[Saved entries]
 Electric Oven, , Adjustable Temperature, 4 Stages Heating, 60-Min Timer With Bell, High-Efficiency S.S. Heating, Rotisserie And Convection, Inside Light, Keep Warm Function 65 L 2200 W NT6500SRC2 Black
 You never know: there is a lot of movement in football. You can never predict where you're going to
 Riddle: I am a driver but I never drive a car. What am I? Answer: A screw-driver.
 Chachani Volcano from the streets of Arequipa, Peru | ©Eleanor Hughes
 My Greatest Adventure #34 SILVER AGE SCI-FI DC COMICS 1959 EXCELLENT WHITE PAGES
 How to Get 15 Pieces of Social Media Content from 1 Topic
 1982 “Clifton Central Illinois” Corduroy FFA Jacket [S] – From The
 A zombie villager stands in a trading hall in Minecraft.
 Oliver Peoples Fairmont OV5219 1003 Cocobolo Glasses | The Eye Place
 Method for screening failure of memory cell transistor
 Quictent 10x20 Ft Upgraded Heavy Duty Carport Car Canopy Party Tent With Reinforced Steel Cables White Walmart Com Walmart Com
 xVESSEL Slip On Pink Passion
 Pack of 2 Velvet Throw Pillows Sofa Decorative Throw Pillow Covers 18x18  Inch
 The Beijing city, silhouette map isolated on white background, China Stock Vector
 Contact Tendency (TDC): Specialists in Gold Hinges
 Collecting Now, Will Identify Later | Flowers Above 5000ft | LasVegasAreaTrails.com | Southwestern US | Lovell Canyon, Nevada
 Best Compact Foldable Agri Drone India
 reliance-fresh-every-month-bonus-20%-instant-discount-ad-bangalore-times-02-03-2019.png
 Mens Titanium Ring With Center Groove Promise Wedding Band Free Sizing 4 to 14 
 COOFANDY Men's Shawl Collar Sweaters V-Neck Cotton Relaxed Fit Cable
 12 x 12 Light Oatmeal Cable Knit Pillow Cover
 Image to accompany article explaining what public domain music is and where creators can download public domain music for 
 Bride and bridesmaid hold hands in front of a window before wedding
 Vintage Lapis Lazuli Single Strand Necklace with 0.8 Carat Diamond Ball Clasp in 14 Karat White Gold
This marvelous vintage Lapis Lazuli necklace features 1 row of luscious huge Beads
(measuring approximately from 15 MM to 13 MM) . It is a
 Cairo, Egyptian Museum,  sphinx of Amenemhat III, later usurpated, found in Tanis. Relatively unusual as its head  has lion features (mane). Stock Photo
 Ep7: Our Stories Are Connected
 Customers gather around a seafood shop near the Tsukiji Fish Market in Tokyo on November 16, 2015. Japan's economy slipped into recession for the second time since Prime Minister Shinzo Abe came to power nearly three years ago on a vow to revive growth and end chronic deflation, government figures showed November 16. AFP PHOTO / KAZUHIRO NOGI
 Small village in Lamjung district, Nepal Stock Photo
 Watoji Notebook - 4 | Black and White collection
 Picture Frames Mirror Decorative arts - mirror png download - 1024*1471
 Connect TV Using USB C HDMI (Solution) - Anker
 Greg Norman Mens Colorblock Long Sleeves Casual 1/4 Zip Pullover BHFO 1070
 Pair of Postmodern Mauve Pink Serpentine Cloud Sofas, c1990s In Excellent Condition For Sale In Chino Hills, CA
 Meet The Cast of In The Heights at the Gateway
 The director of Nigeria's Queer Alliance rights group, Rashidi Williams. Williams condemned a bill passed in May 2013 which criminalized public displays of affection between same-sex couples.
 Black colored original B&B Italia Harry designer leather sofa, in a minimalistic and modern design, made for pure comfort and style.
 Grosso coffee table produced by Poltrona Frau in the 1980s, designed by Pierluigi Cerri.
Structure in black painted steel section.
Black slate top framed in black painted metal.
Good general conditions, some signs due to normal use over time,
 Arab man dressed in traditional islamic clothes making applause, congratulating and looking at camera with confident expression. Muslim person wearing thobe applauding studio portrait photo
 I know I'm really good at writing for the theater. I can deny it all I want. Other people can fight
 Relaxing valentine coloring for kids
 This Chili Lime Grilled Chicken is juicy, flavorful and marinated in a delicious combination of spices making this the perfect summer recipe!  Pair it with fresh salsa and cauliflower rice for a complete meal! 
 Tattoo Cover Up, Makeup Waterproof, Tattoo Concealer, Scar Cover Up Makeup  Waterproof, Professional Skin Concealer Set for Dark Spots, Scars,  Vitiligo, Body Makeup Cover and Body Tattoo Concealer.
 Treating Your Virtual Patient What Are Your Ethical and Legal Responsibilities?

[Try it]
The lines that mention the word "Pillow" should be pulled from the records above.

[Reply to the task]
 Pack of 2 Velvet Throw Pillows Sofa Decorative Throw Pillow Covers 18x18  Inch
 12 x 12 Light Oatmeal Cable Knit Pillow Cover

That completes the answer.